In this picture, two men are walking in an island. The island is small and a blue sea is surrounding around it. There is an ancient ship floating on the sea in background. The island have a bunch of coconut trees, ordered in two lines side-by-side. These two line of trees are of varying length and they form a helical pattern. In front of the image, a box is half-buried in the sea-beach. A text is written outside of the box and that is “DNAA”. Abizarre, large golden bug is sitting on top of the box. A cryptic message is written on the body of the bug in English alphabet but they do not sense anything meaningful to the reader.
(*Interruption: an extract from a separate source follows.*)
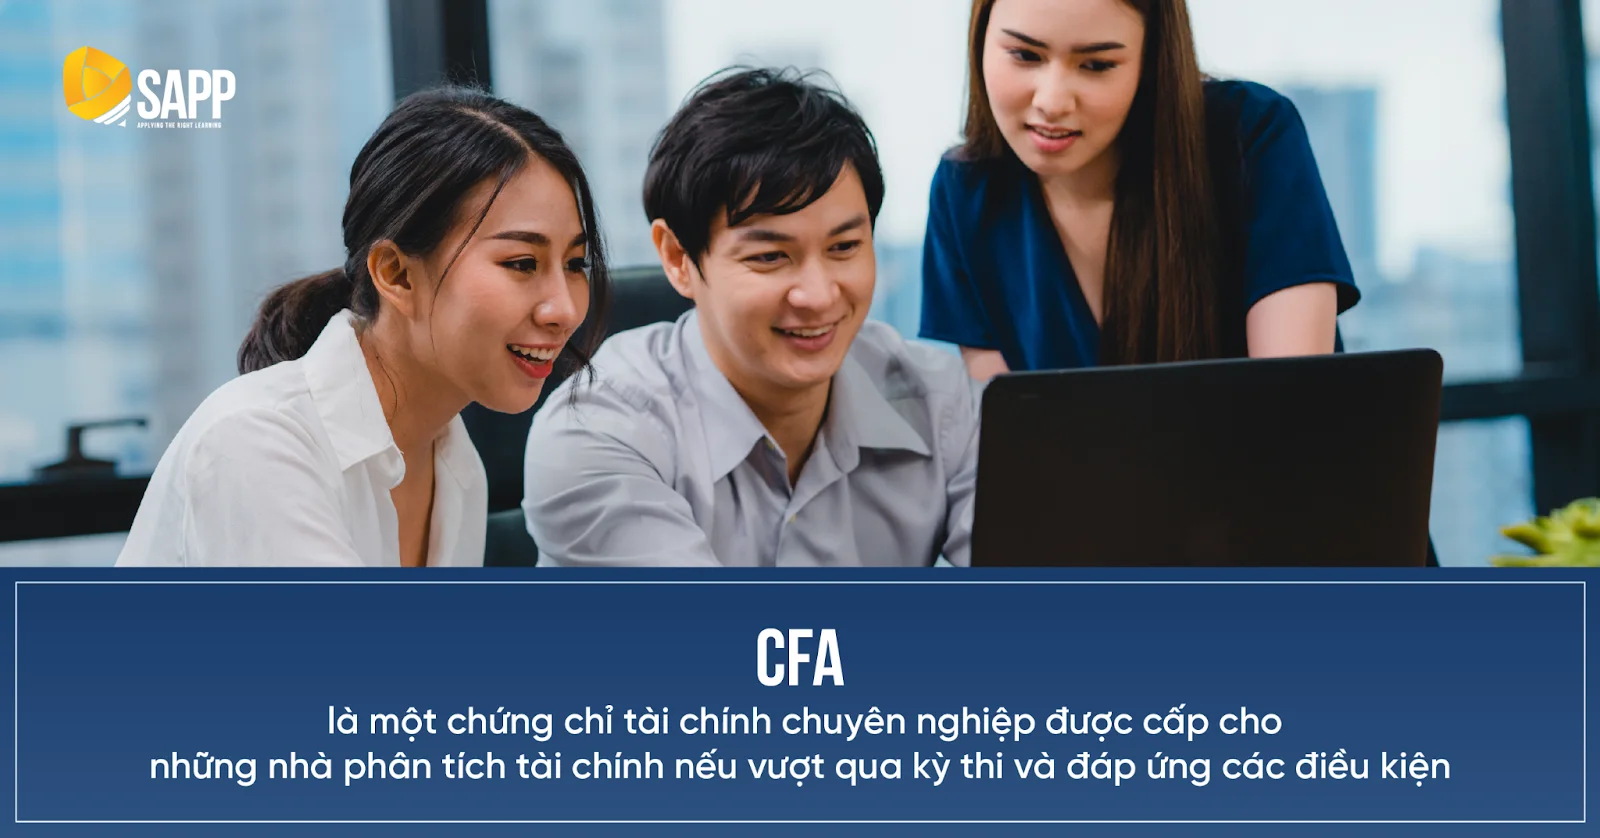 CFA là chứng chỉ tài chính chuyên nghiệp được cấp cho những nhà phân tích tài chính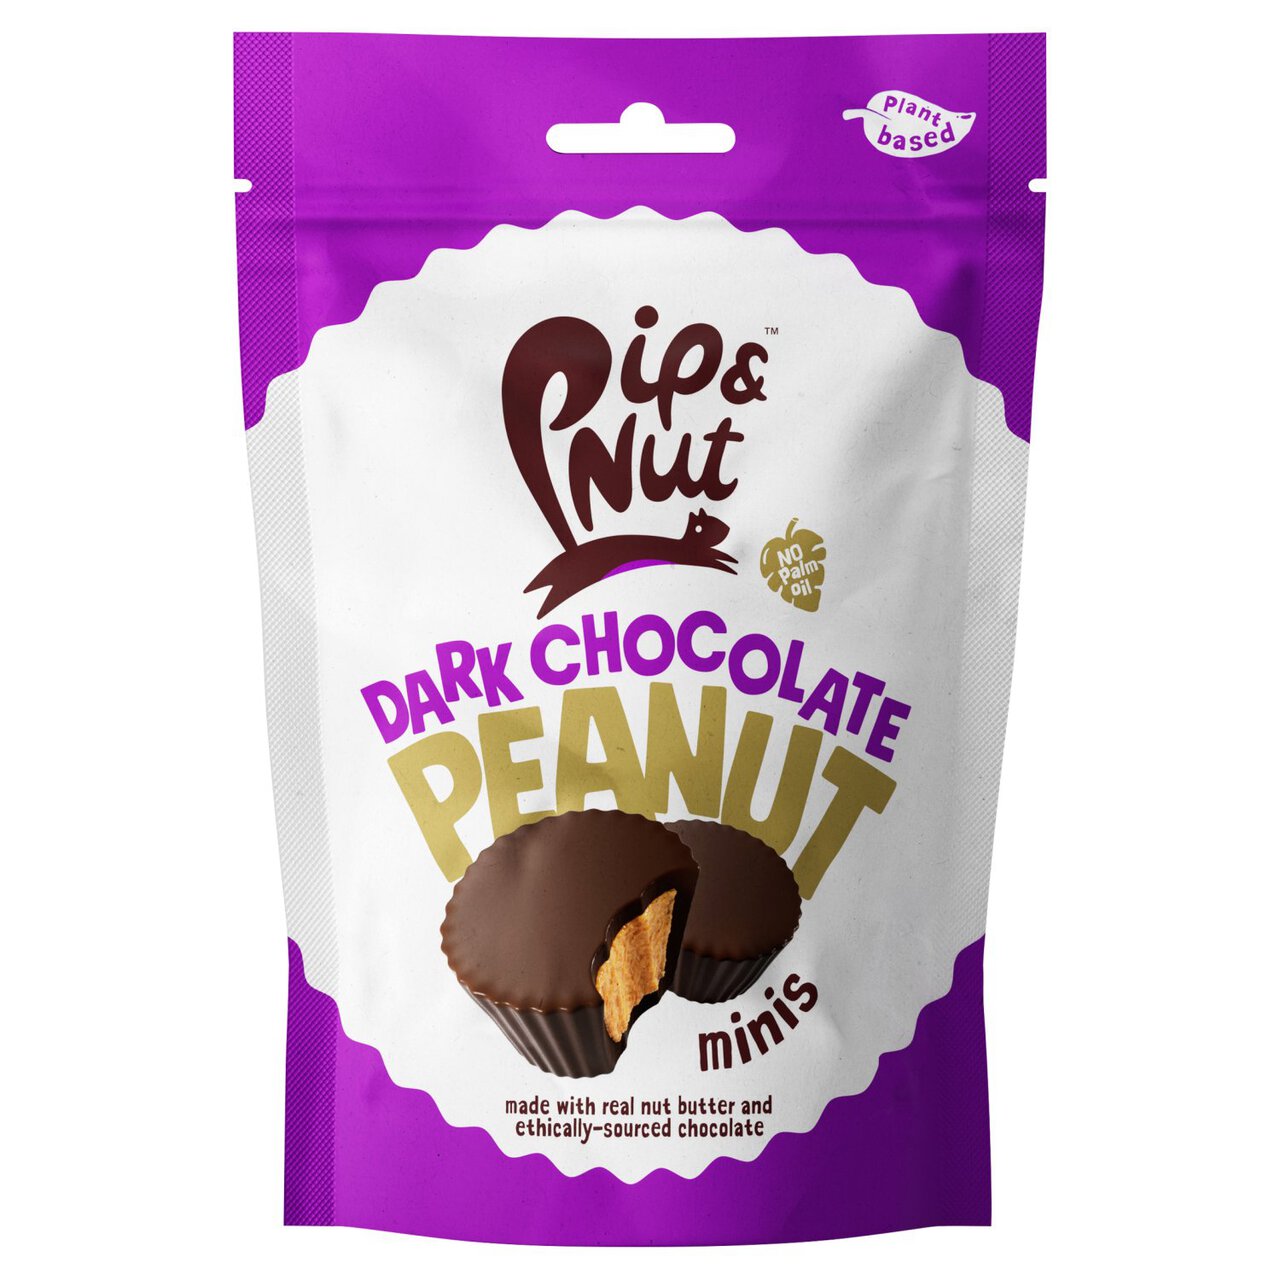 Pip & Nut Mini Dark Chocolate Peanut Butter Cups 88g

These two man are walking in opposite direction in the middle of the canvas. It can be assumed that the they have reached the island by travelling through the ship behind them. The front man is dressed like western character in Hollywood film and the man behind him is wearing pirate-like dress. One of his eye is covered by black bandana. Their foot-step formed a Greek ‘theta’ (ө) like circular path, although the front half of that ‘theta’ is smaller in area-size. Within the smaller half of theta-like-path they are strolling through, there are three wooden box situated which also have  the text ‘DNAA’written on their outside wall. These two people’s body-gesture indicates that they are on a search for something hidden in this path. Some flies are flying on top of their head.
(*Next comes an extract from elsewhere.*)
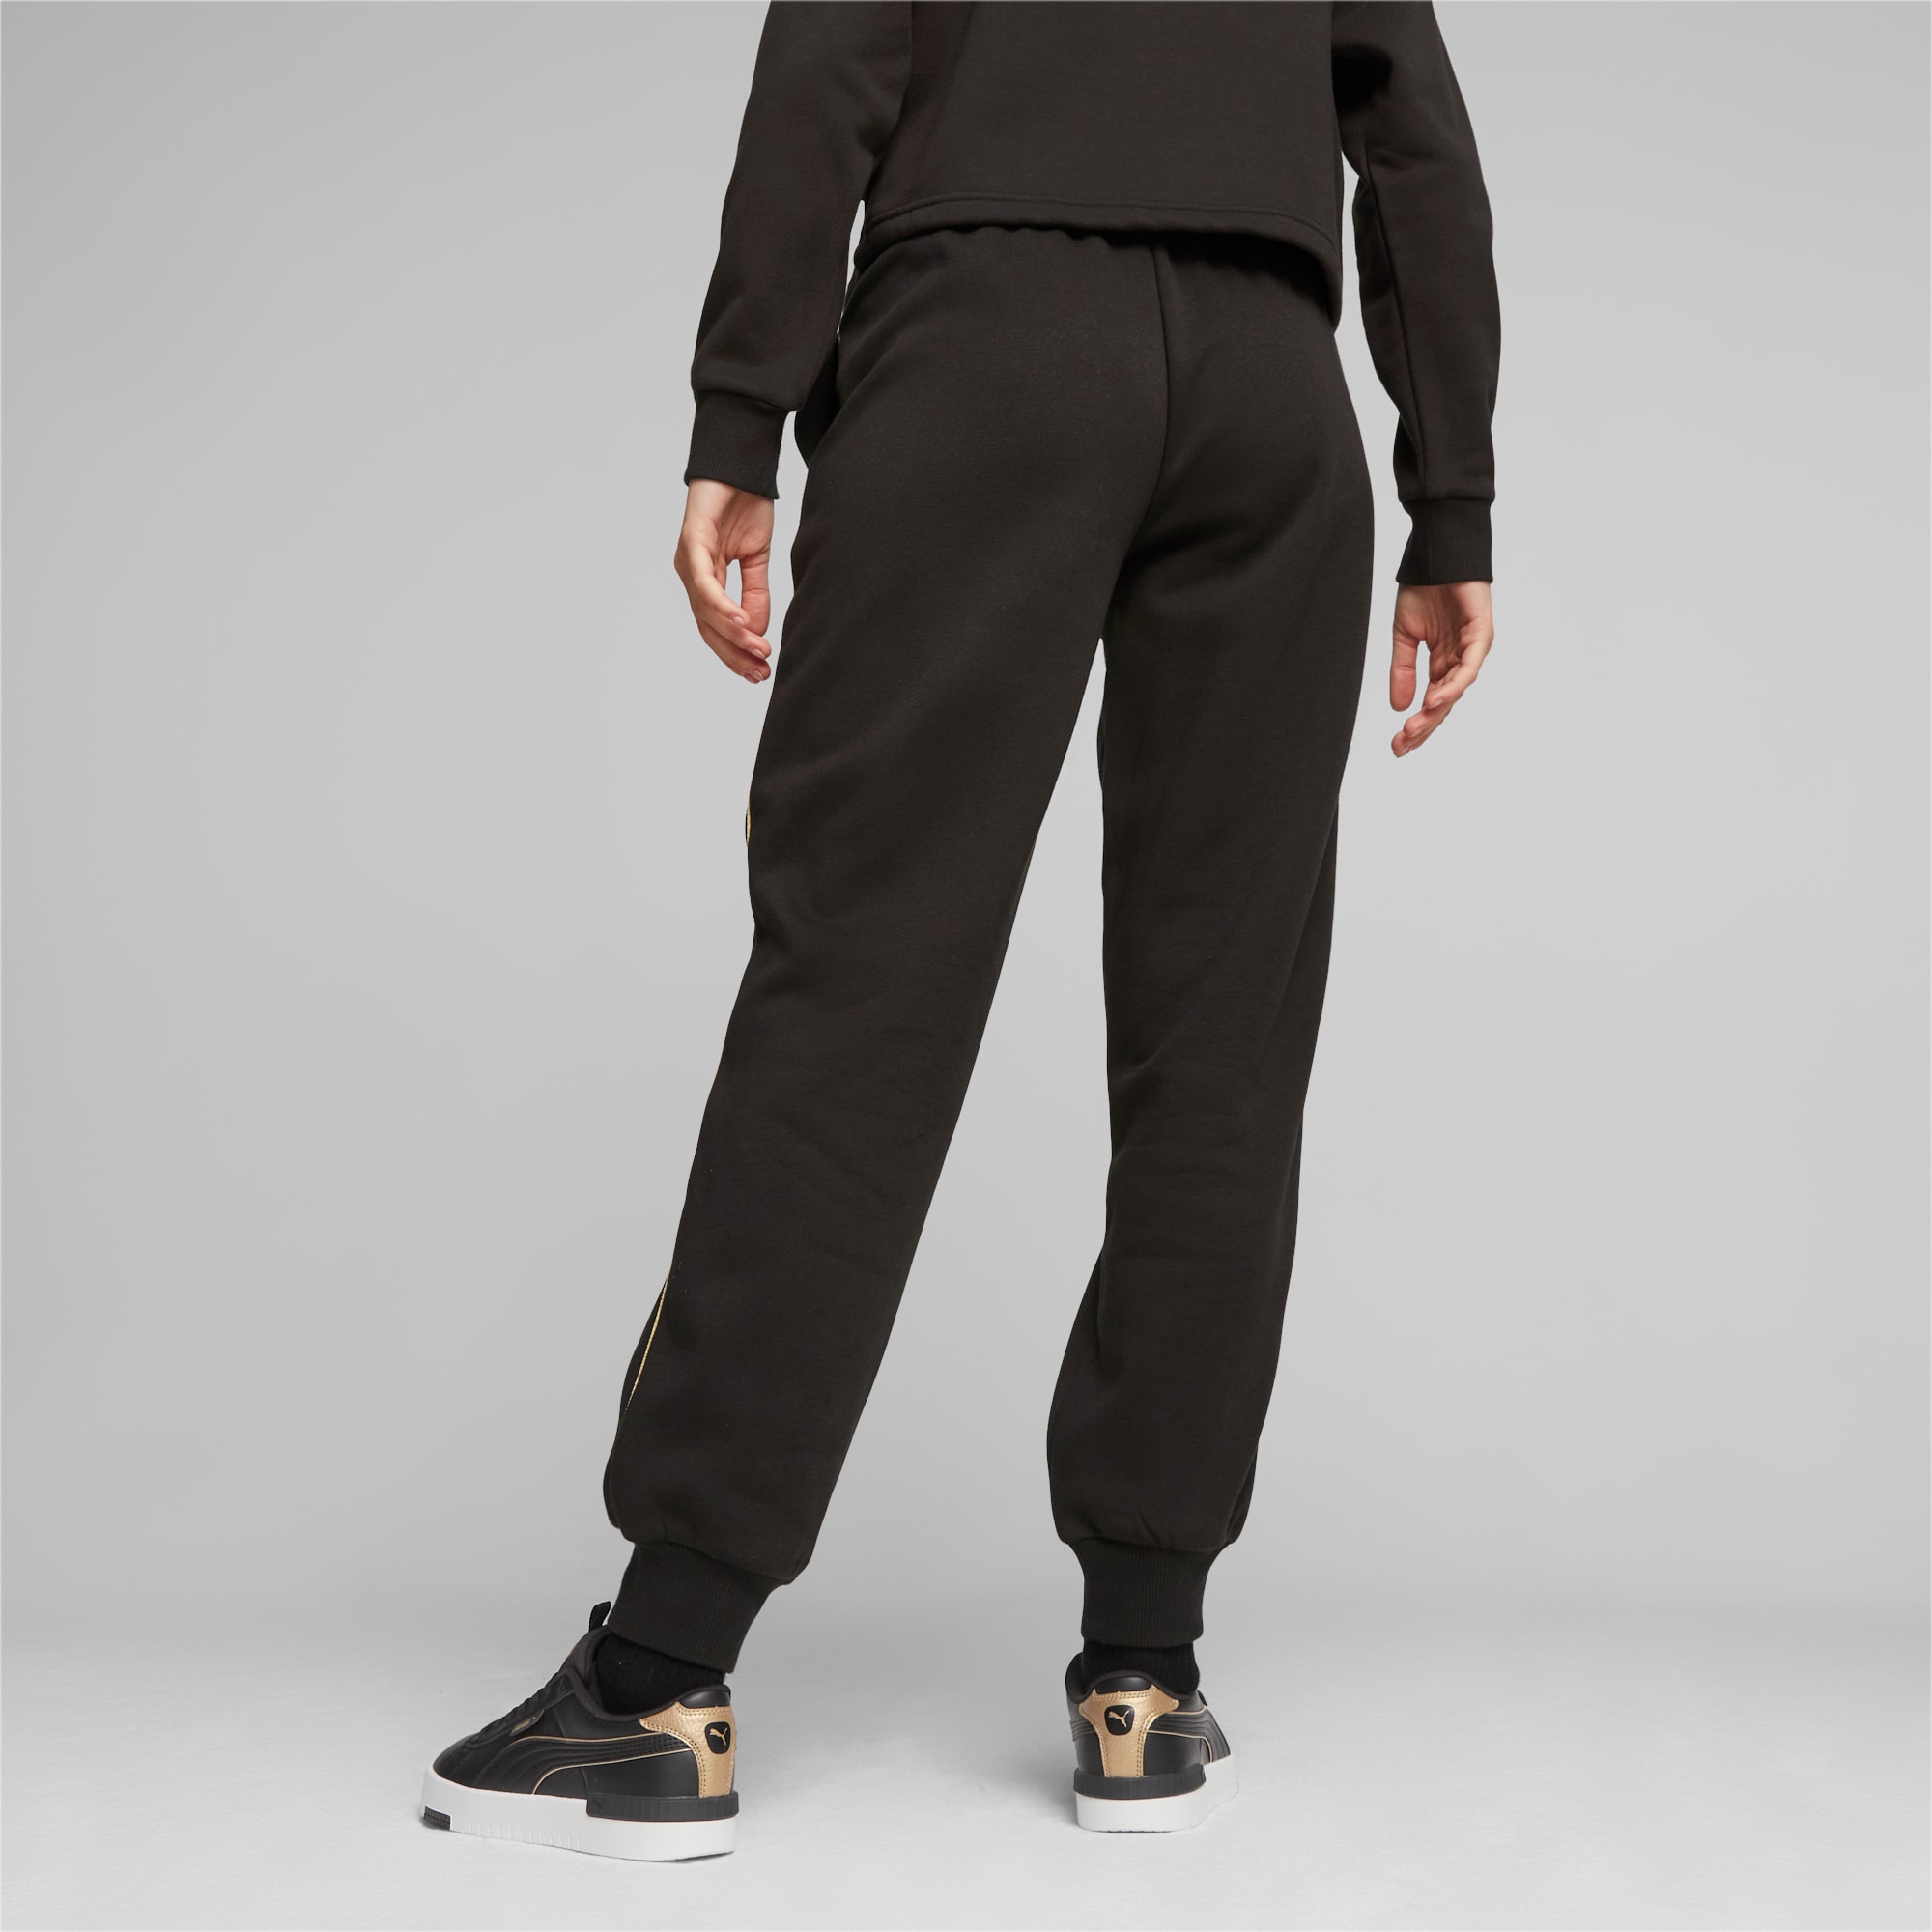 PUMA Ess+ Minimal Gold Women's Sweatpants, Black

To explicate this image, the title also needed to be understood clearly. DNA is found in all living cell (with some exceptions like mature red blood cell) which is chemically called deoxyribonucleic acid and it is the information carrying component of the cell. The DNA functions as blueprint of life. Genome is the collection of whole DNA sequence which is written using four alphabets, namely A, T, G and C. Replication is the copying mechanism of DNA during cellular division. DNA is a double stranded molecule and there is a specific point where replication begin by splitting two strands. This splitting event form a small loop in the DNA molecule and replication starts in opposite direction. In ancient single cellular (eg. bacteria) cases, DNA is a circular molecule and when the replication begins, the size of loop increase. By this process, an imbalanced Greek theta shape of DNA is formed. In this image, the circular path is depicting DNA molecule. This conjecture is also corroborated by the helical shape of
coconut trees in background, as because we know that DNA is a helical molecule. The two ‘wildly-dressed’ investigators searching for something in the pierced-stranded-loop of the circular DNA, smaller-half of theta, and this is depicting their search for origin of replication.
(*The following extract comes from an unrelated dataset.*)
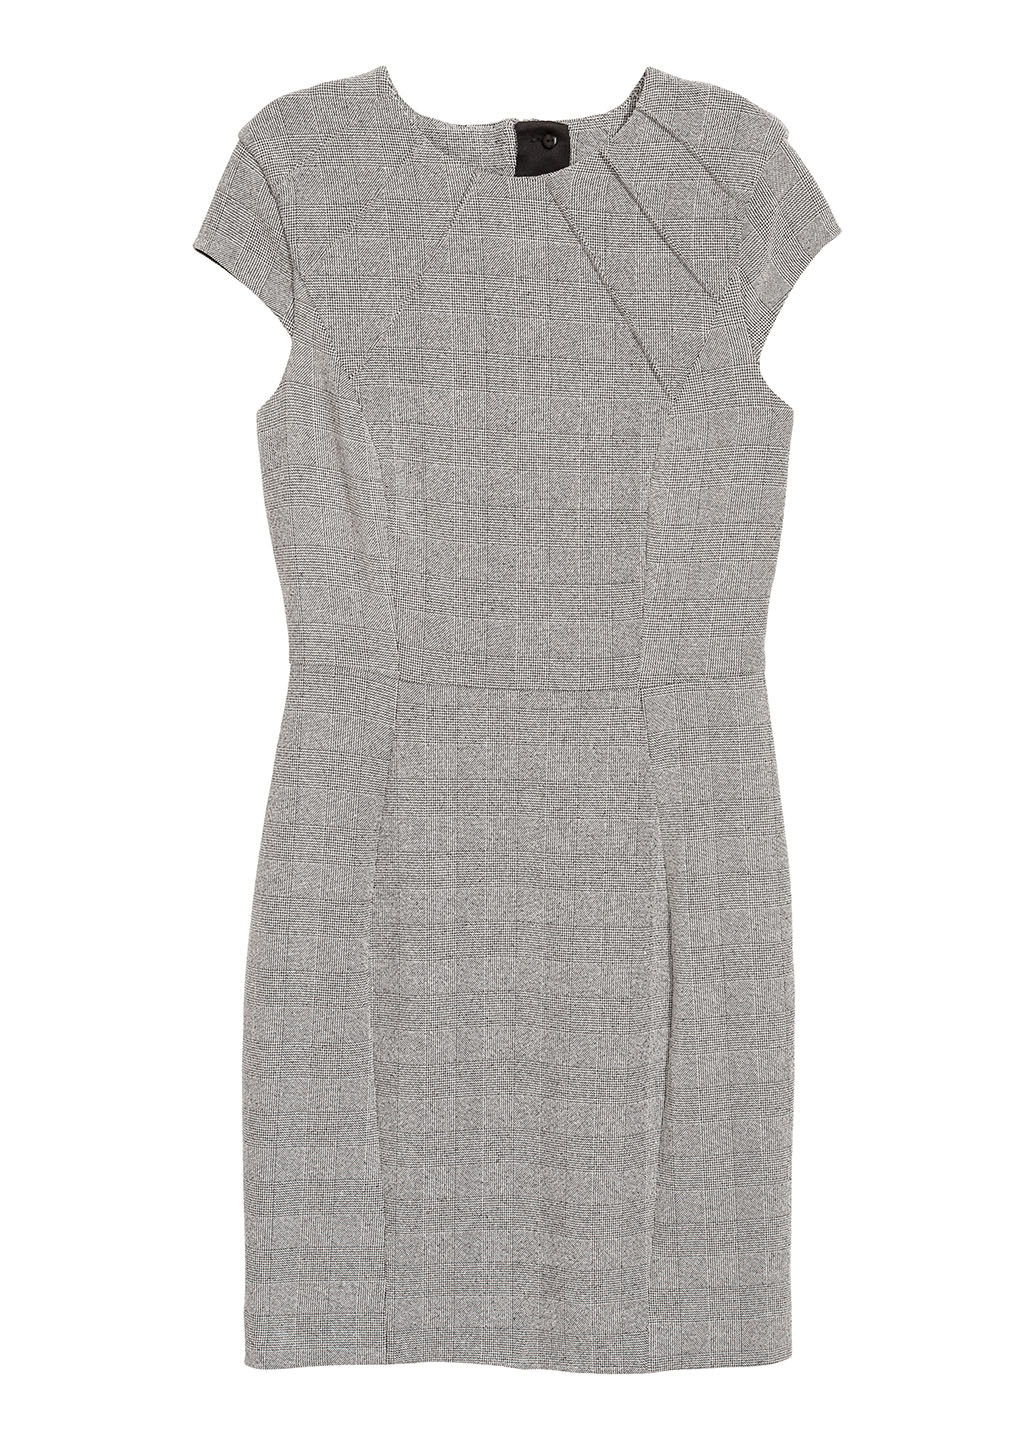 Светло-серое деловое платье короткое H&M с геометрическим узором

Another important element in this image is DNAA boxes within the loop. The DNAA boxes are sequence motif, a specific pattern of nucleotides, which is recognized by DNA replication machinery and situated near DNA replication origin site. The idea of golden bug taken from Edgar Allan Poe’s short-story ‘The Golden-Bug’ (2), where the protagonist had to solve a cryptic message, which is written in this image on the body of the golden-bug sitting on the front, half-buried DNAA box. In this image, the protagonists are two bioinformatician, and cryptic message written on the body of gold
bug is an analogy of hidden pattern in DNA sequence. The gold bug is sitting on the DNAA box indicates that these bioinformatician has to find where DNAA box is situated by demystifying this hidden pattern.

This is exactly how bioinformatician works. They aim to break cryptic code of life, understand it and try to answer those elusive questions, such as understanding the pattern of DNAA box sequence which will help them to find origin of replication.

1) Bioinformatics Algorithm I (2013-14), coursera.org,https://class.coursera.org/bioinformatics-001
2) Edgar Allan Poe (1891). The Gold Bug. G. Routledge & Sons, Limited.